Lo mejor sería apurar el momento, dejarse llevar hacia el lado jovial realzado por el buen tiempo y la brisa adriática. Regresar al silencio mental. Vivir... Todos ellos propósitos frustrados, como tantos otros, porque después de dejar de lado la iglesia del Spirito Santo y cruzar el puente de Ca’ Balà chocó de frente contra una imagen en la que tropezaron sus resoluciones.

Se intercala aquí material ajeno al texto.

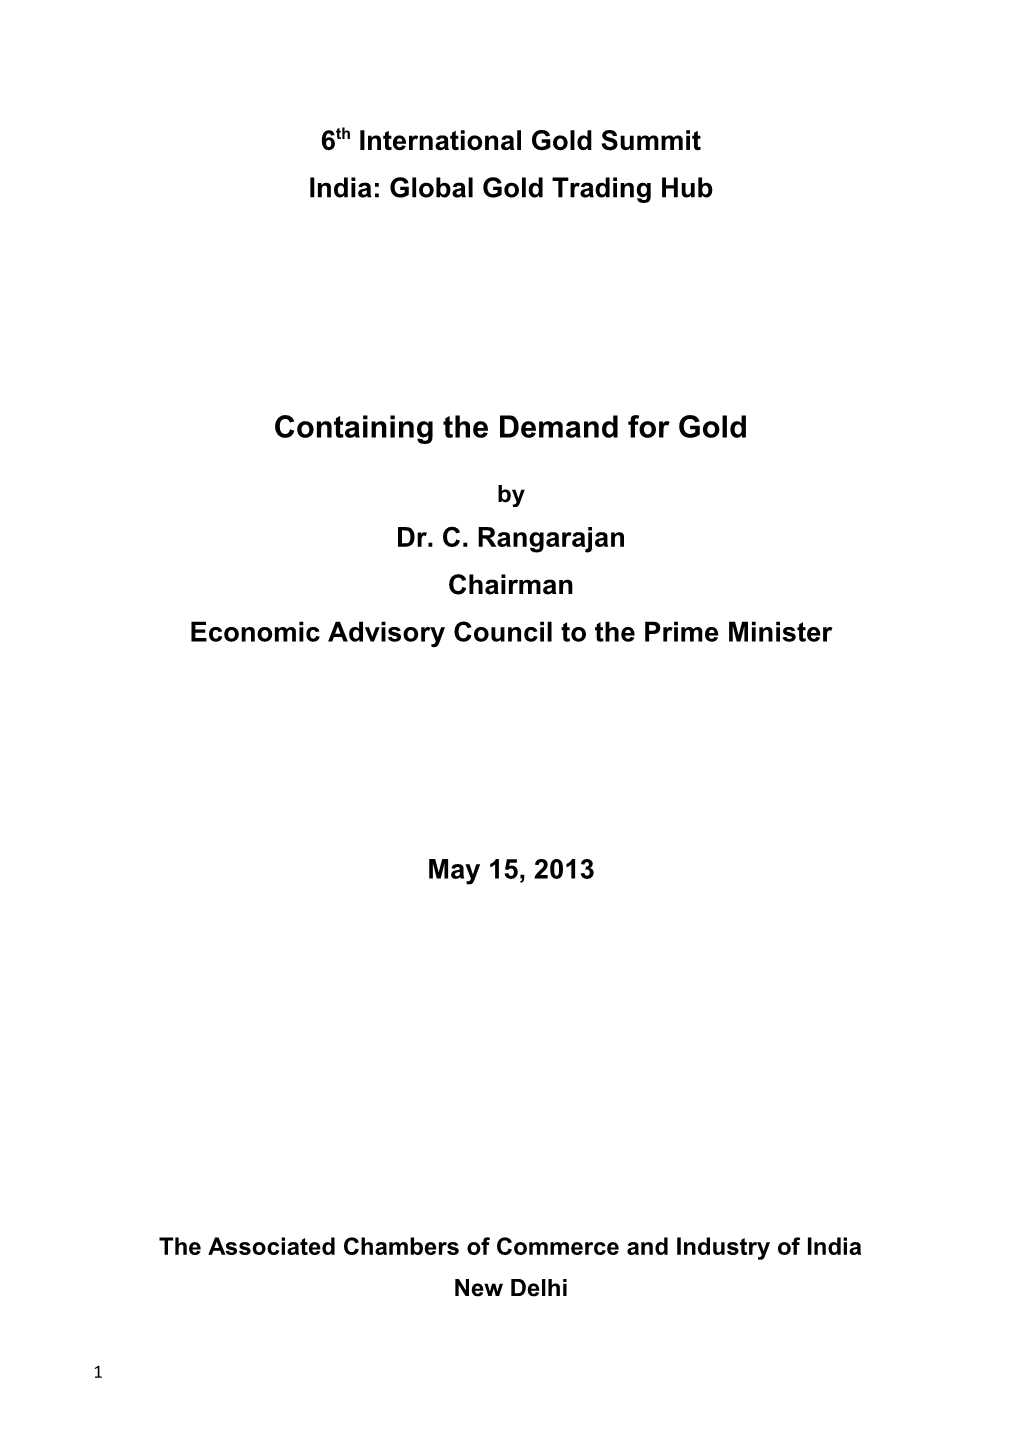 India: Global Gold Trading Hub
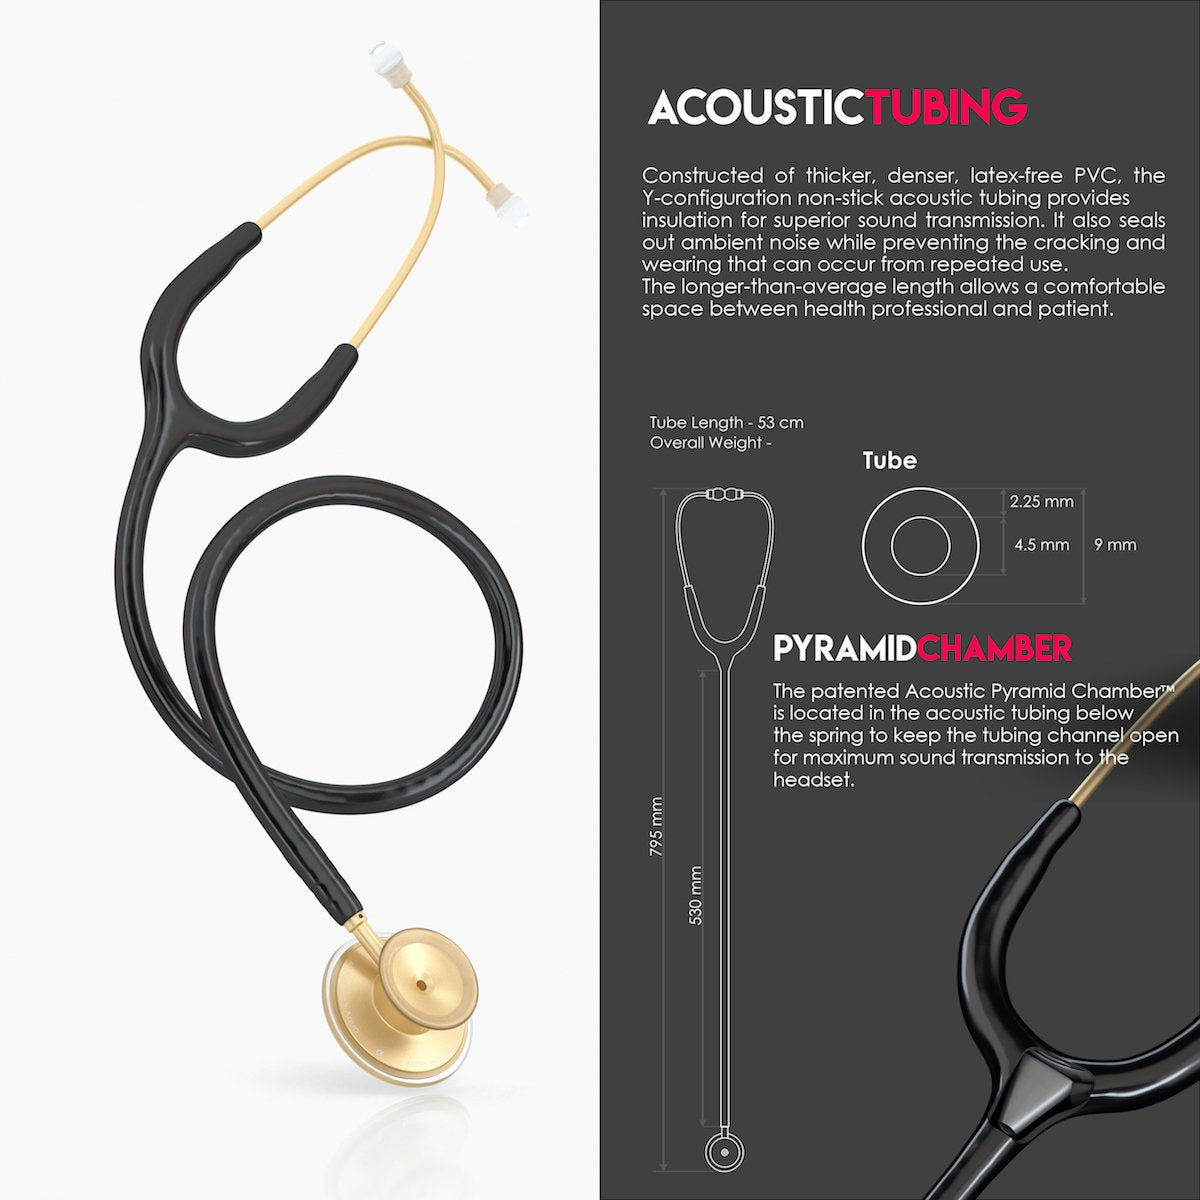 mdf acoustica stethoscope reviews

Un embarcadero. Sentada de espaldas a la fondamenta, con las piernas colgando hacia el agua, sobre el brillo estelado del sol de media tarde en el canal. Quieta. Mirando hacia el Bauer en la Giudecca. De espaldas y con el cabello domado en la trenza que tanto le gustaba lucir, siempre reconocible para él.

Era Anna con su figura estilizada, hermosa en su quietud dibujando su perfil elegante a contraluz del agua refulgente del atardecer. Y es que no era difícil imaginársela en ese lugar de sus paseos, confidencias y proyectos que lanzaron al futuro envueltos en un velo tejido con manos enlazadas, besos encadenados o helados compartidos.

El escozor de la cicatriz crecía en todas direcciones, por lo que Frédéric decidió en ese momento no fascinarse de nuevo, no admirar ese pasado anhelo, no hacer caso de la aparición y el presentimiento; dio media vuelta, aunque sin saber qué hacer. Al principio se quedó paralizado, pero después emprendió el camino, alejándose sin rumbo fijo. Fue casi una huida. Trazó sin saberlo una línea de fuga por la Fondamenta Fornace hacia el Canal Grande, mientras rumiaba sin poder digerir su encogimiento, que terminó en la amargura dulce de un spriz repetido.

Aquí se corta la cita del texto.